Making the Gains of Mekong Cooperation Visible

Regional cooperation in the Mekong is often discussed in terms of shared risks—droughts, floods, declining fisheries, salinity intrusion and growing geopolitical pressures. While these challenges are real, a stronger basis for cooperation may lie in making its benefits more visible.

A new analysis by Dr Thang Nam Do argues that cooperation remains limited because the economic gains of joint action are rarely quantified or integrated into national decision-making. Governments typically bear the immediate costs of cooperation, while many benefits are long-term, shared across borders, and difficult to measure.

The article proposes a "cooperation dividend" approach to quantify the difference between cooperative and non-cooperative pathways. This would help estimate avoided losses, reduced risks, and opportunities created through coordinated action, while also showing how benefits and costs are distributed across countries and sectors.
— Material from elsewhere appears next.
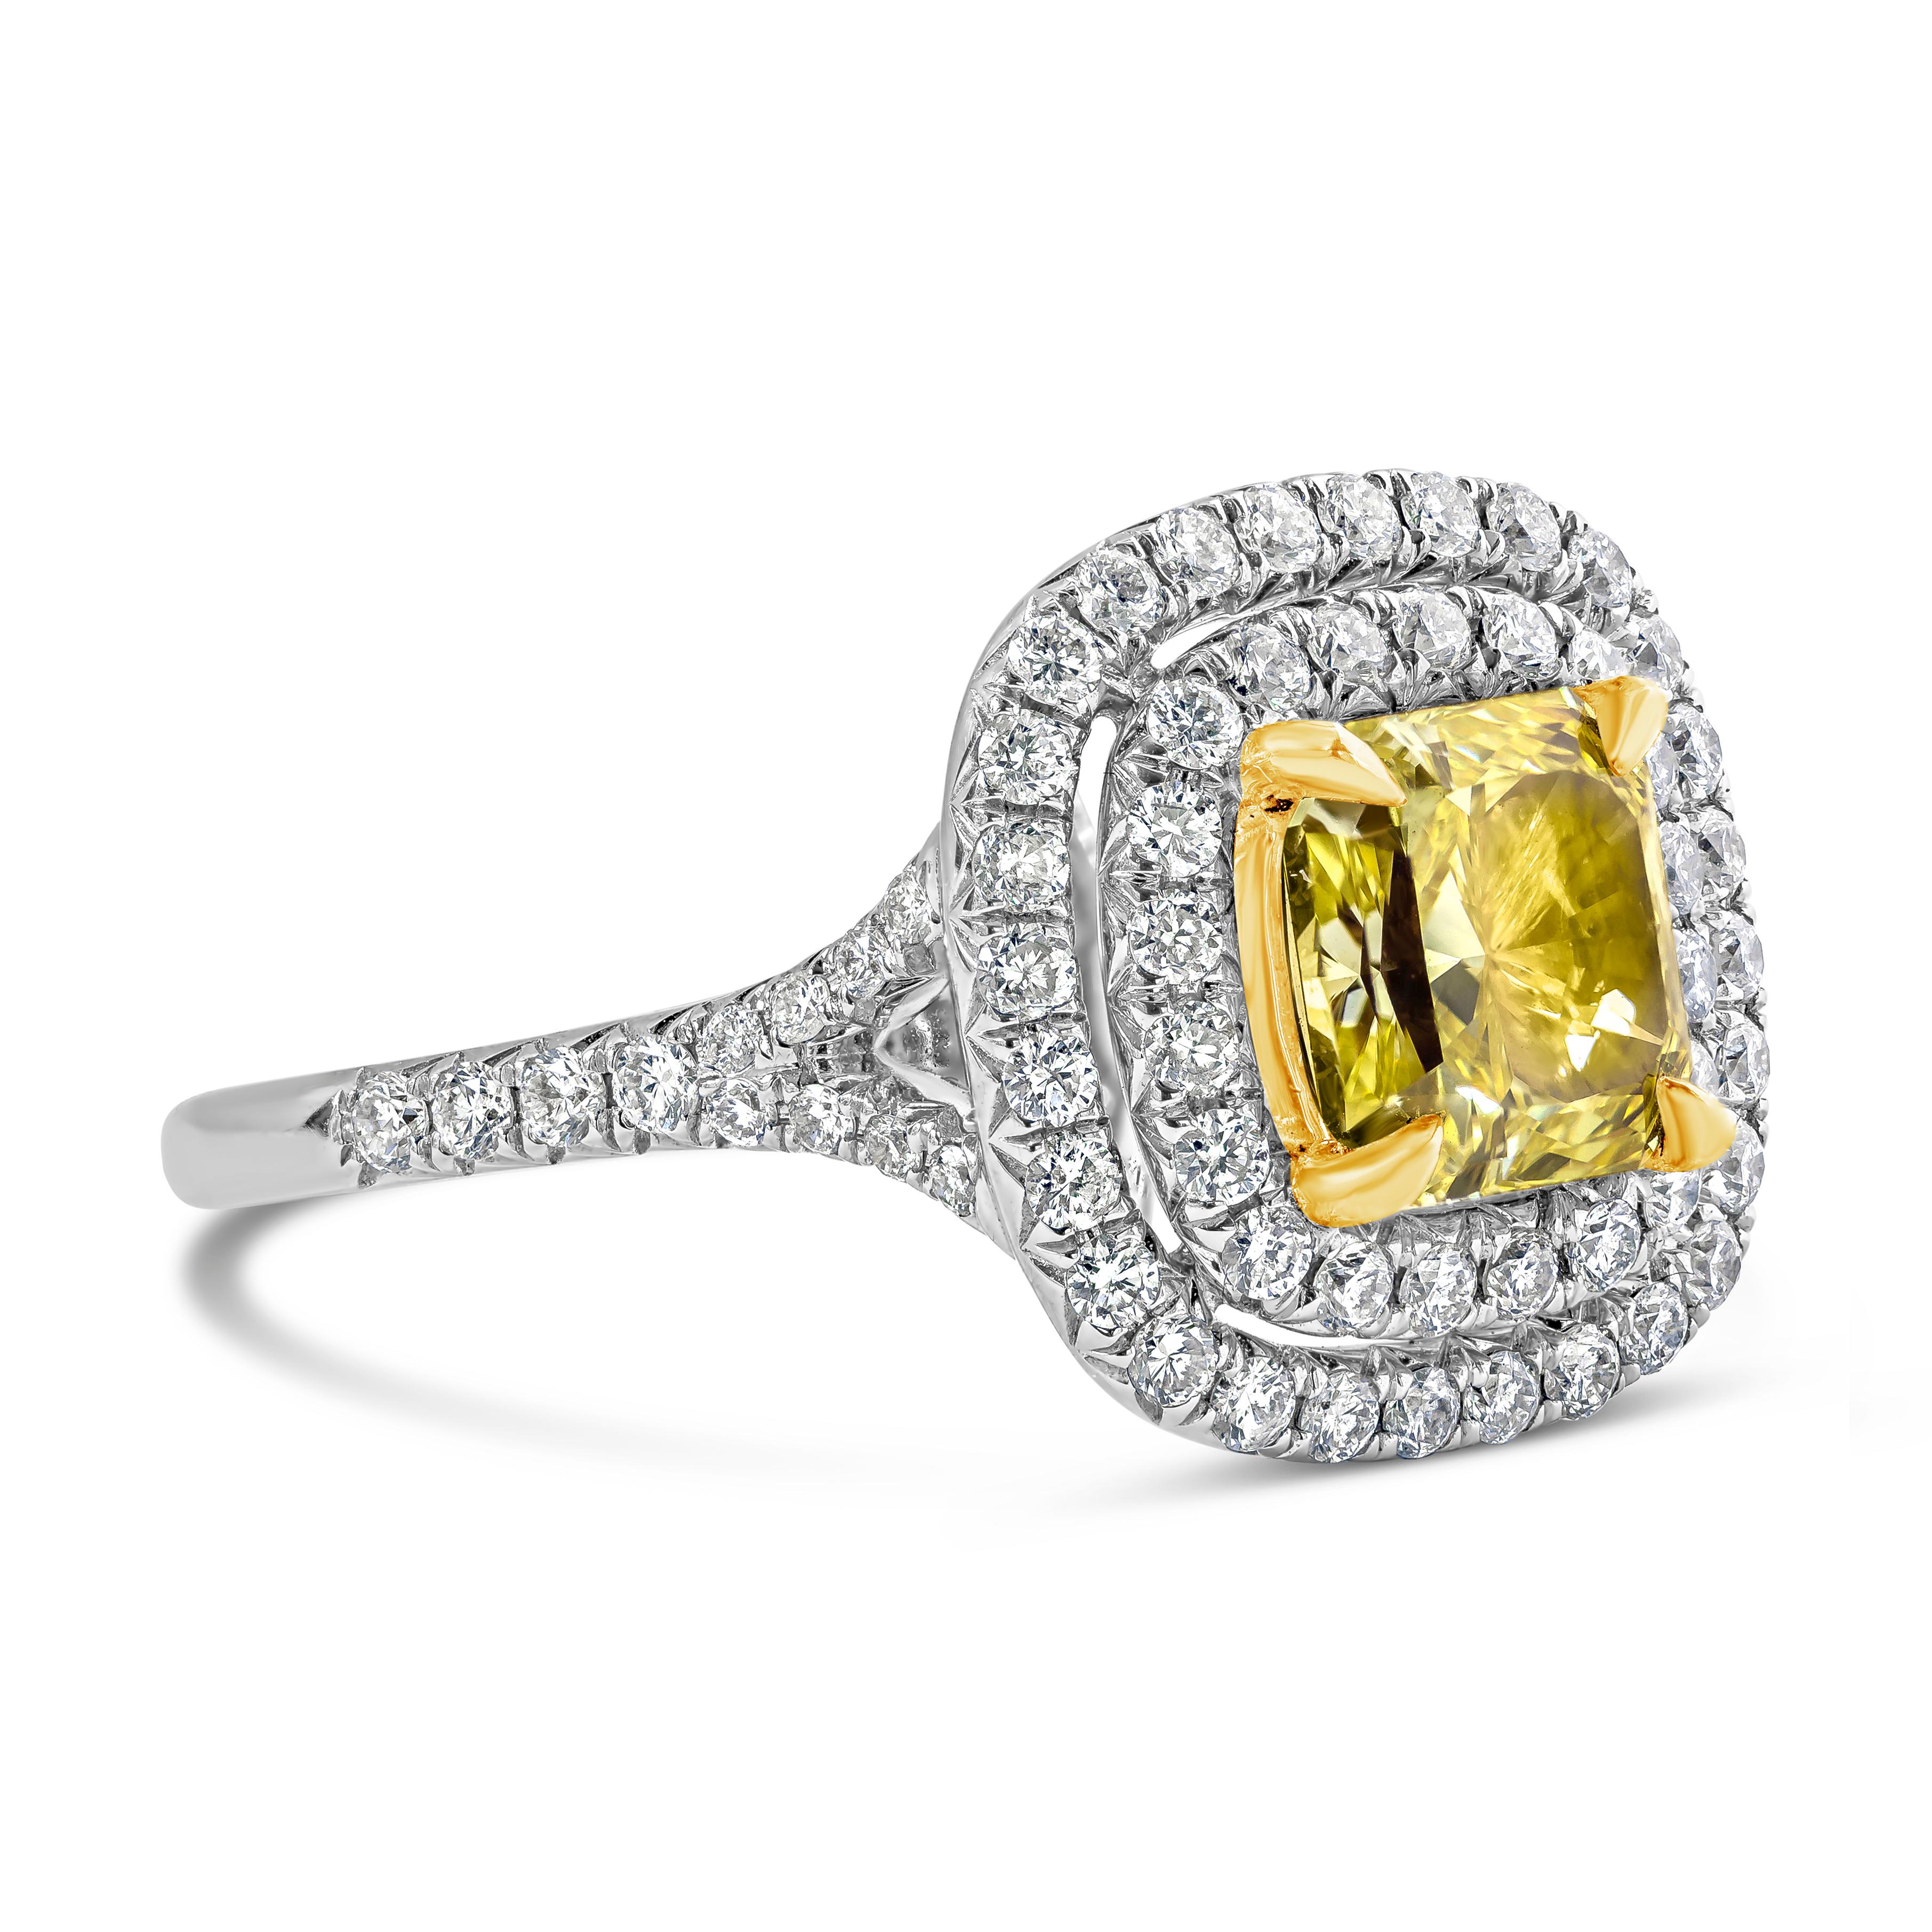 A magnificent piece because of it's natural brilliance and luster. Showcases a 1.59 carat radiant cut yellow diamond that GIA certified as Fancy Intense Yellow color, VS1 clarity. Surrounding the center are 2 rows of sparkling round diamonds in an

Such evidence could strengthen negotiations on issues including coordinated dam operations, flood and drought management, fisheries protection, and Mekong Delta resilience.
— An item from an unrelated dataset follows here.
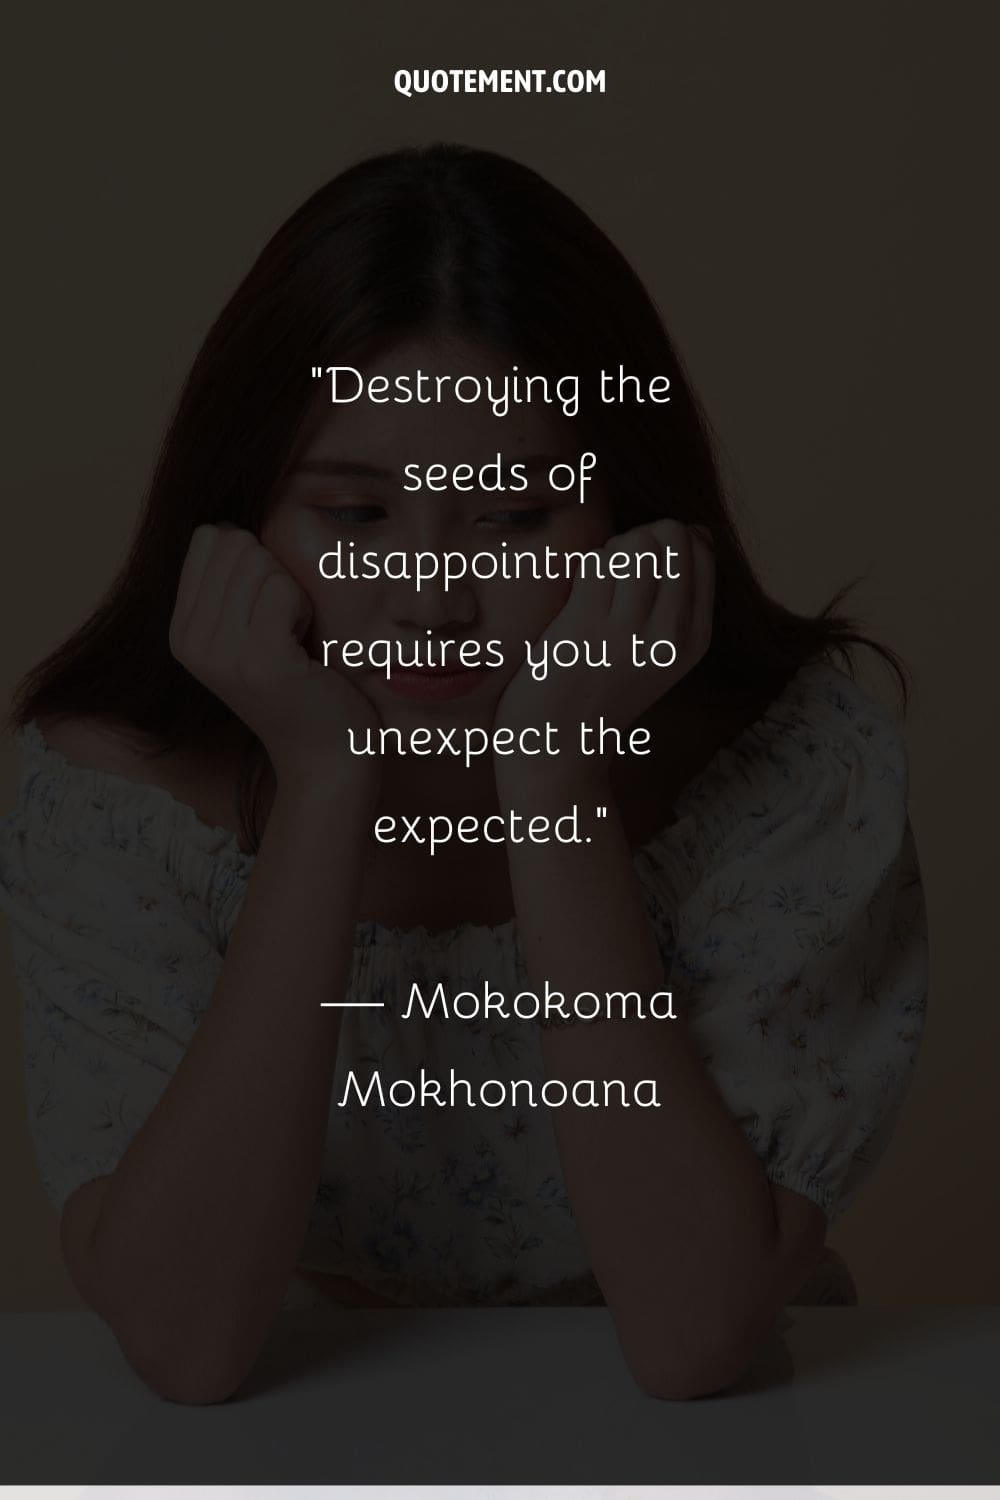 Destroying the seeds of disappointment requires you to unexpect the expected

It could also help development partners better target regional investments and encourage greater alignment between national priorities and basin-wide outcomes.

Rather than framing the Mekong primarily through upstream–downstream tensions, the cooperation dividend highlights the value created when countries work together. Making these gains visible can provide a stronger evidence base for investment, negotiation and regional policymaking.